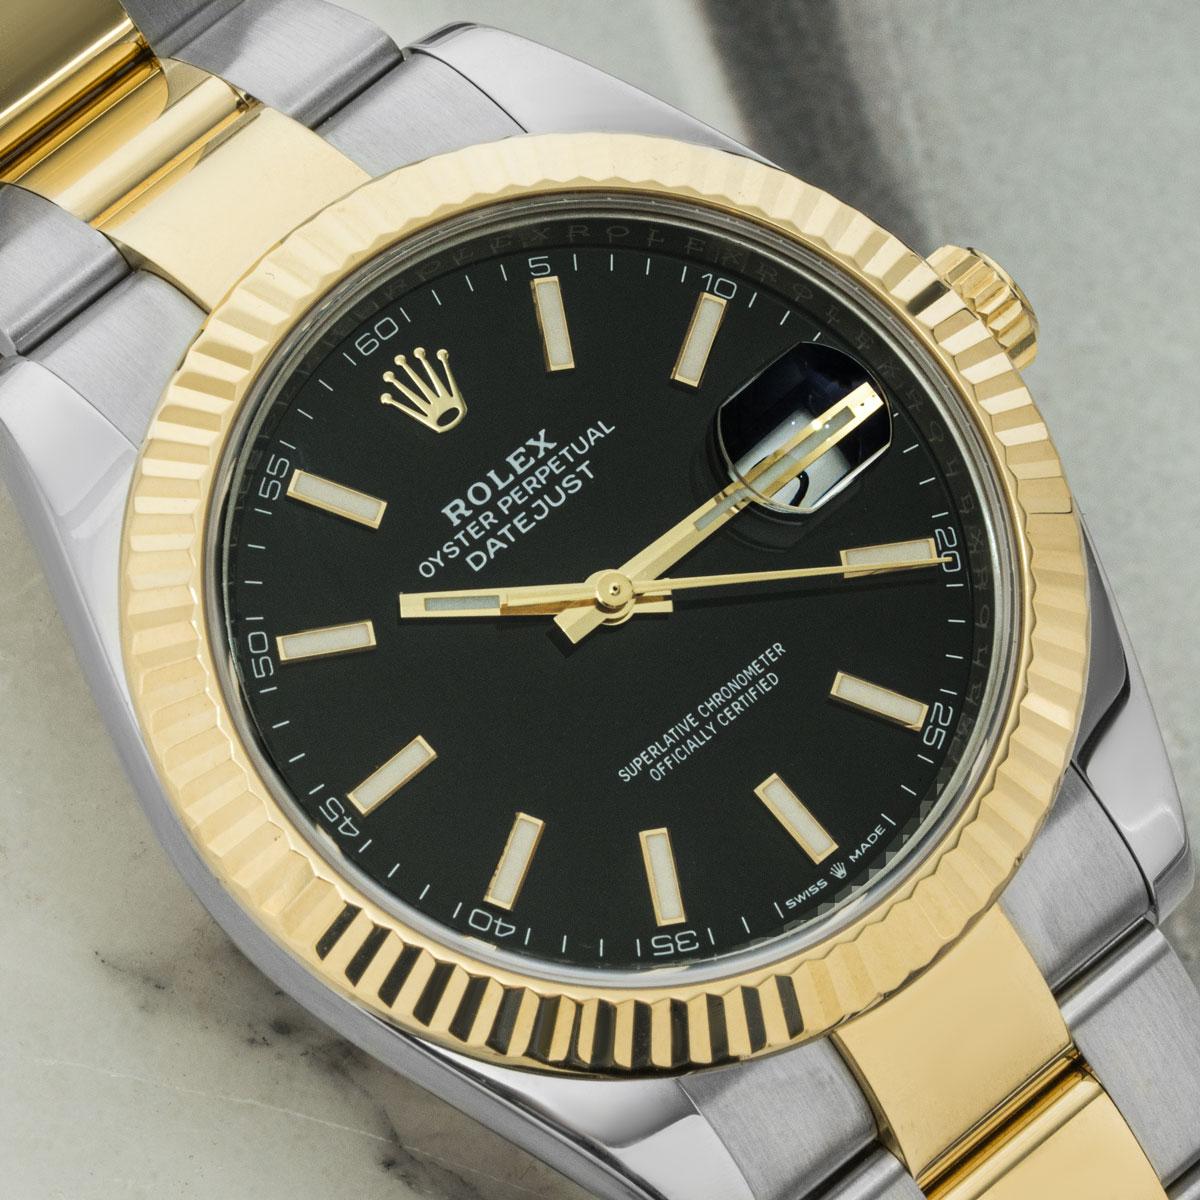 A steel and gold 41mm mens Datejust by Rolex. Featuring a black dial with applied hour markers and a smooth yellow gold bezel. Fitted with a sapphire crystal, a self-winding automatic movement, a steel and gold Oyster bracelet equipped with a
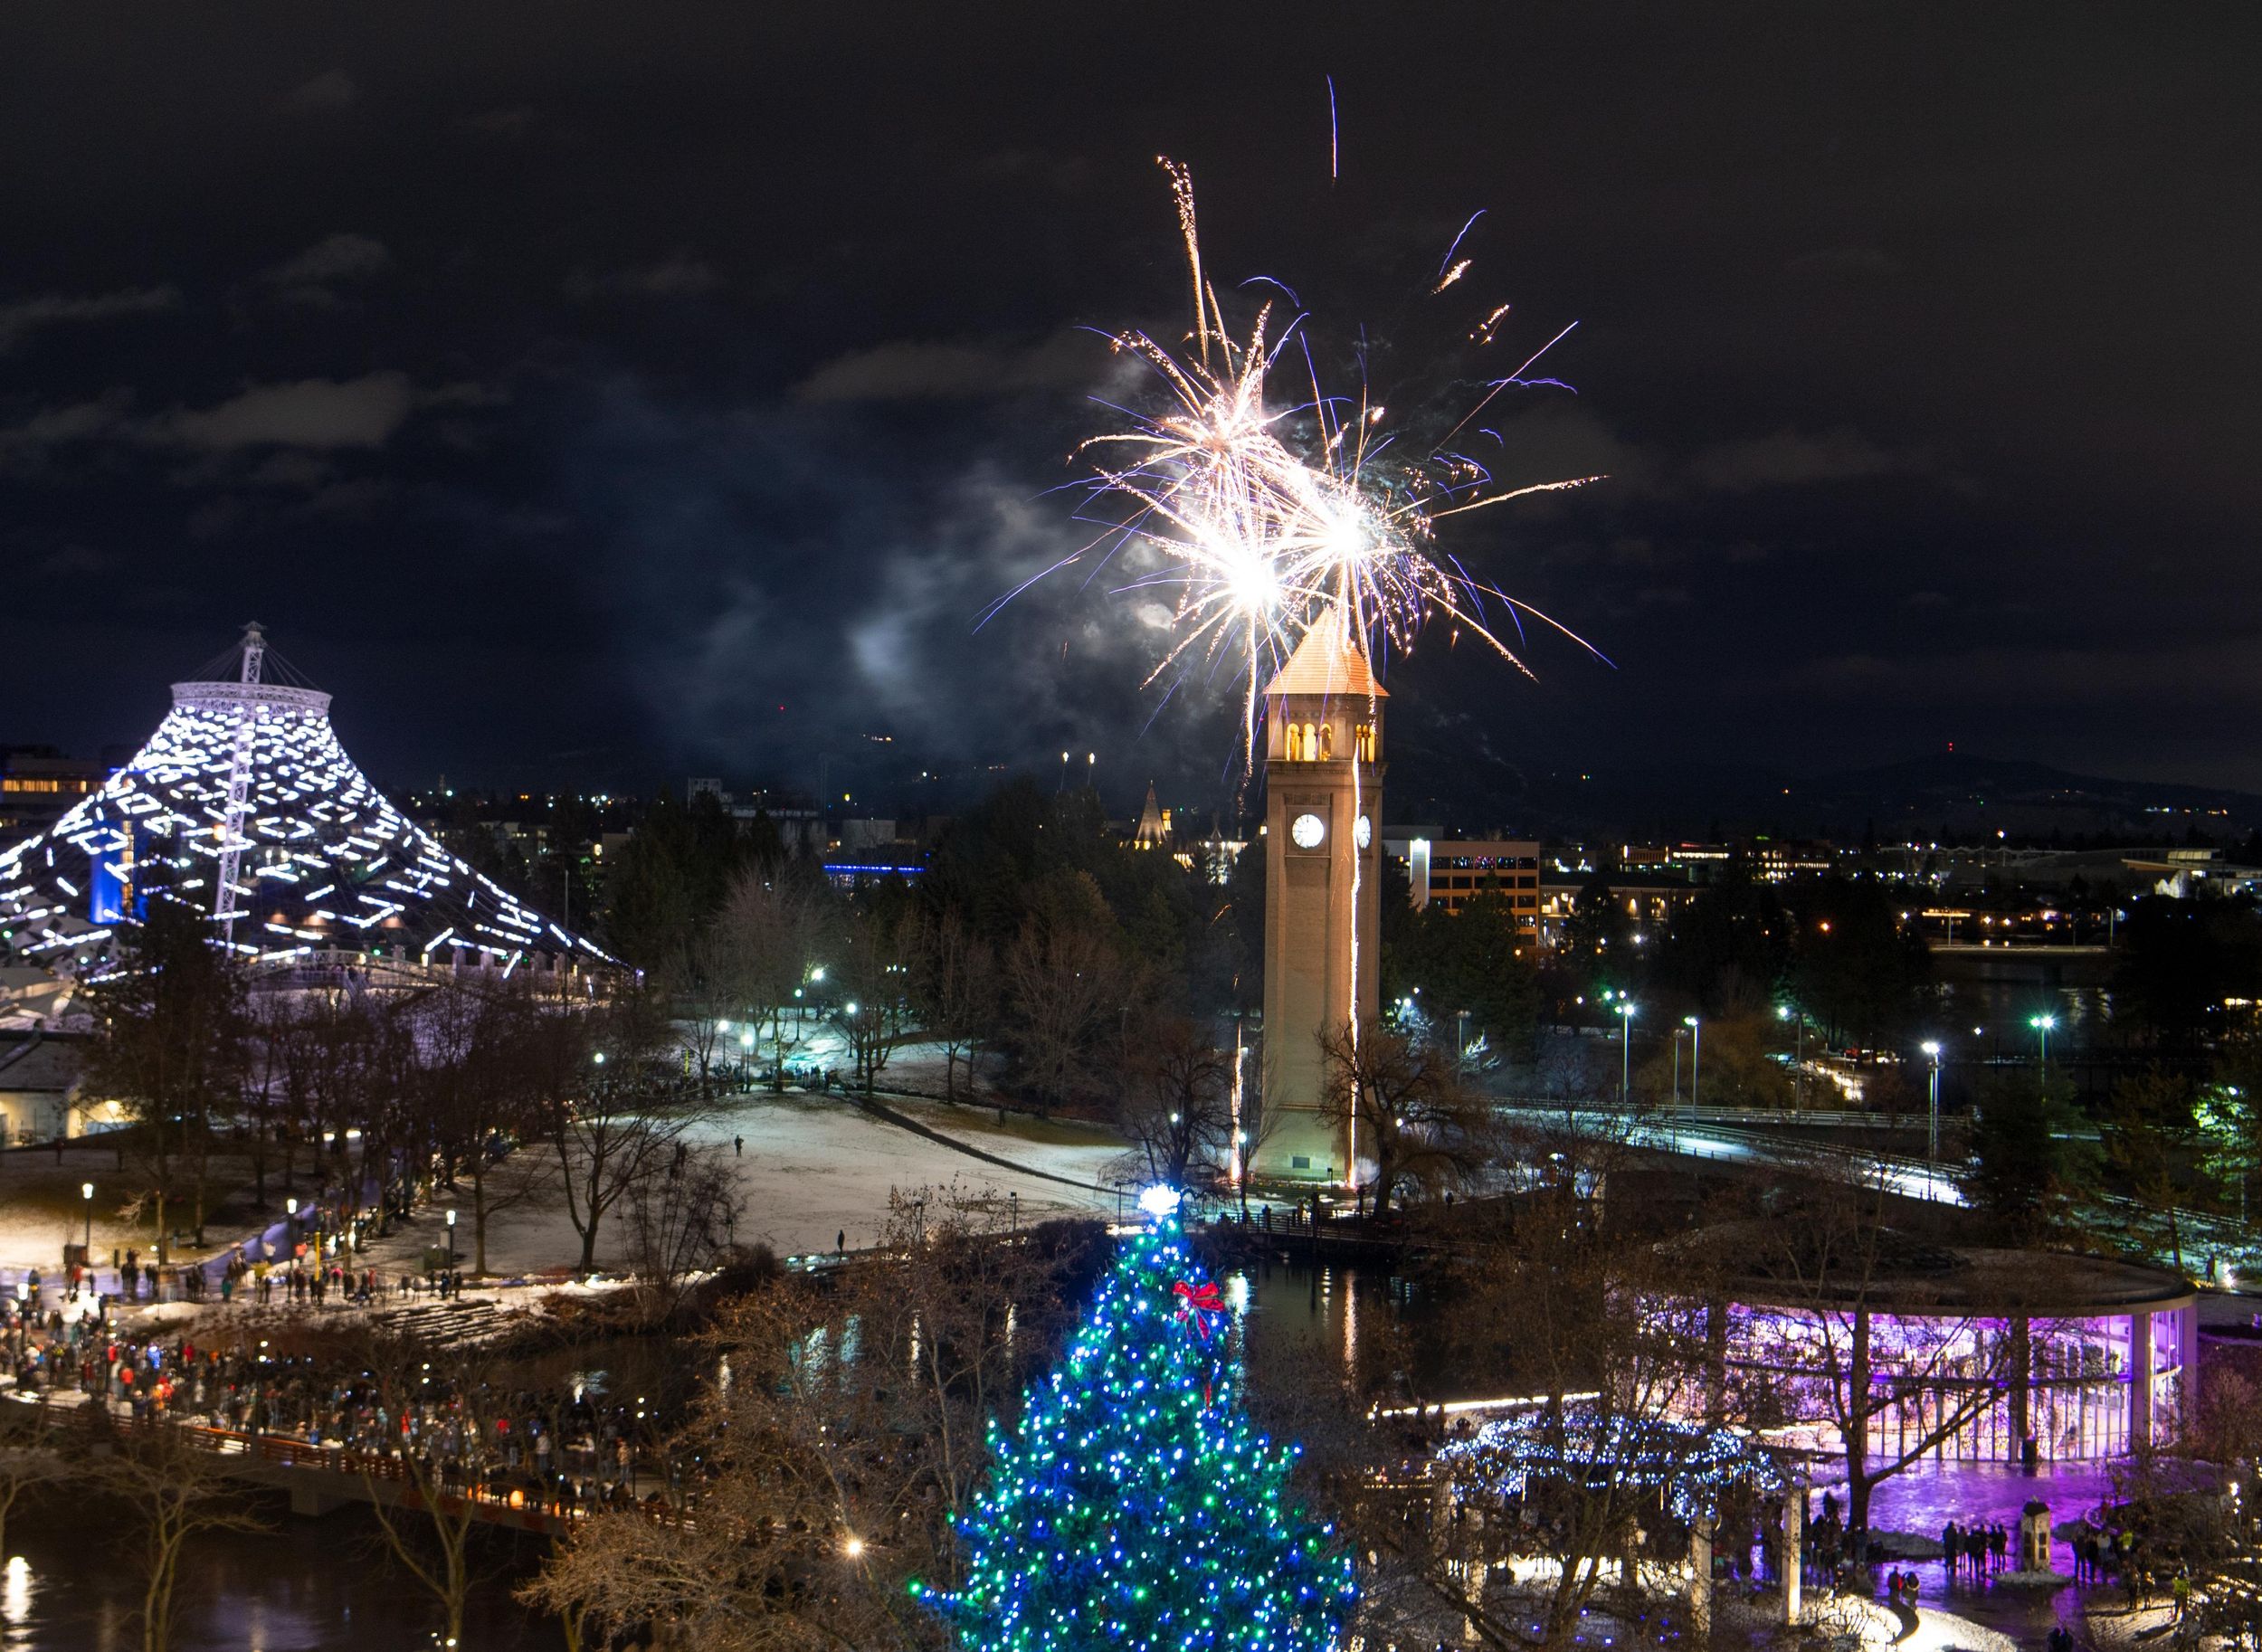 New Year's Eve fireworks in Riverfront Park Dec. 31, 2019 The
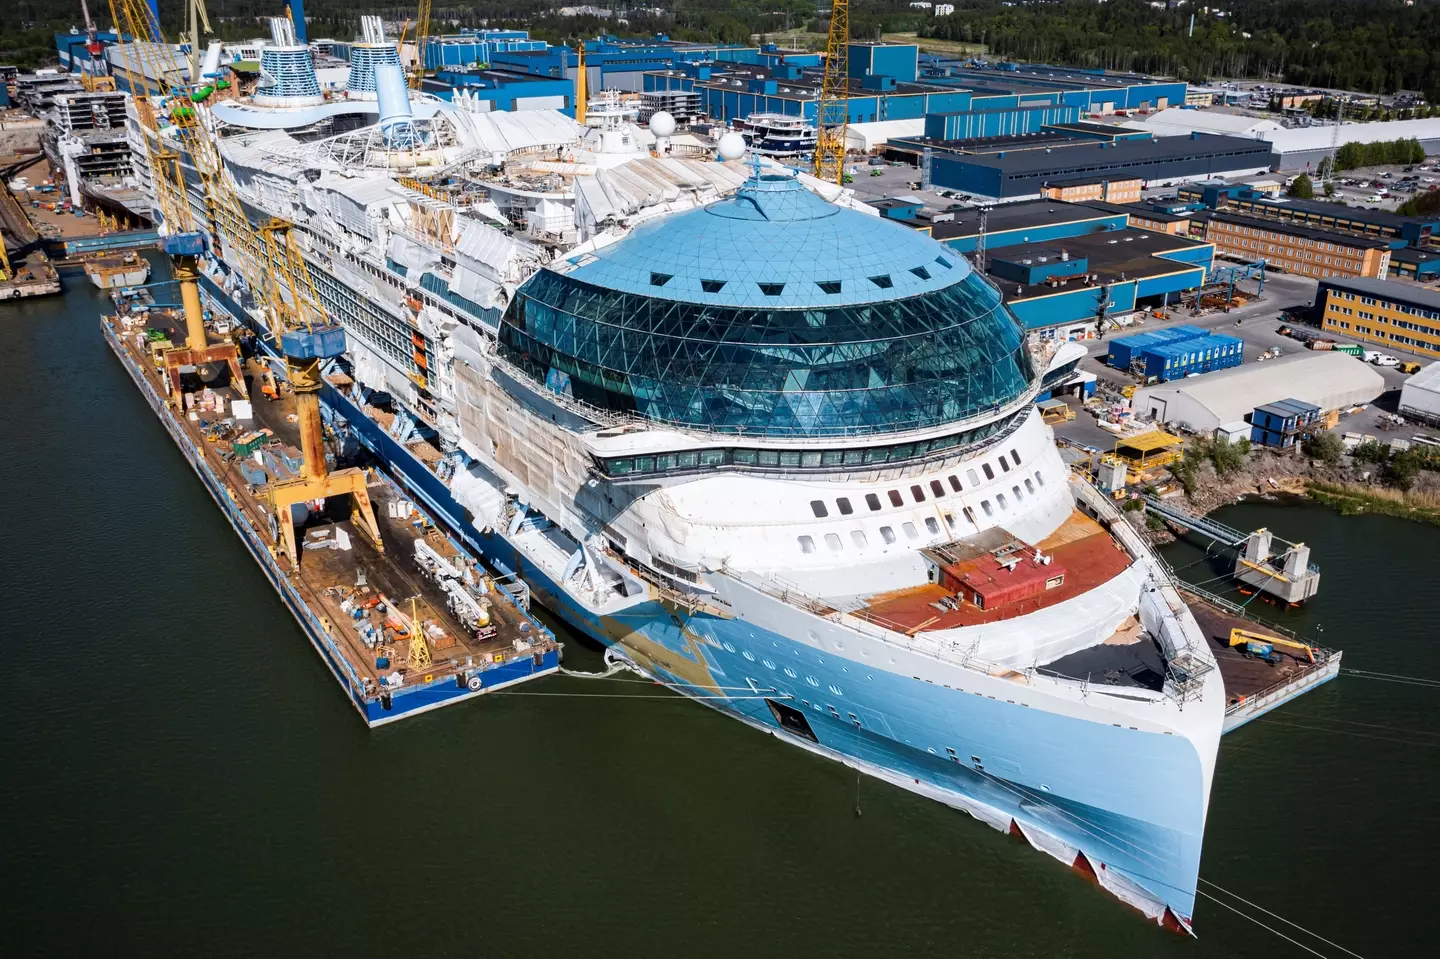 The enormous Icon of the Seas took over 2 years to create.

§

• **Exercise**: Nothing but the text is wanted: repeat the data above exactly, without its images.

• **Response**:
 A steel and gold 41mm mens Datejust by Rolex. Featuring a black dial with applied hour markers and a smooth yellow gold bezel. Fitted with a sapphire crystal, a self-winding automatic movement, a steel and gold Oyster bracelet equipped with a
 New Year's Eve fireworks in Riverfront Park Dec. 31, 2019 The
 The enormous Icon of the Seas took over 2 years to create.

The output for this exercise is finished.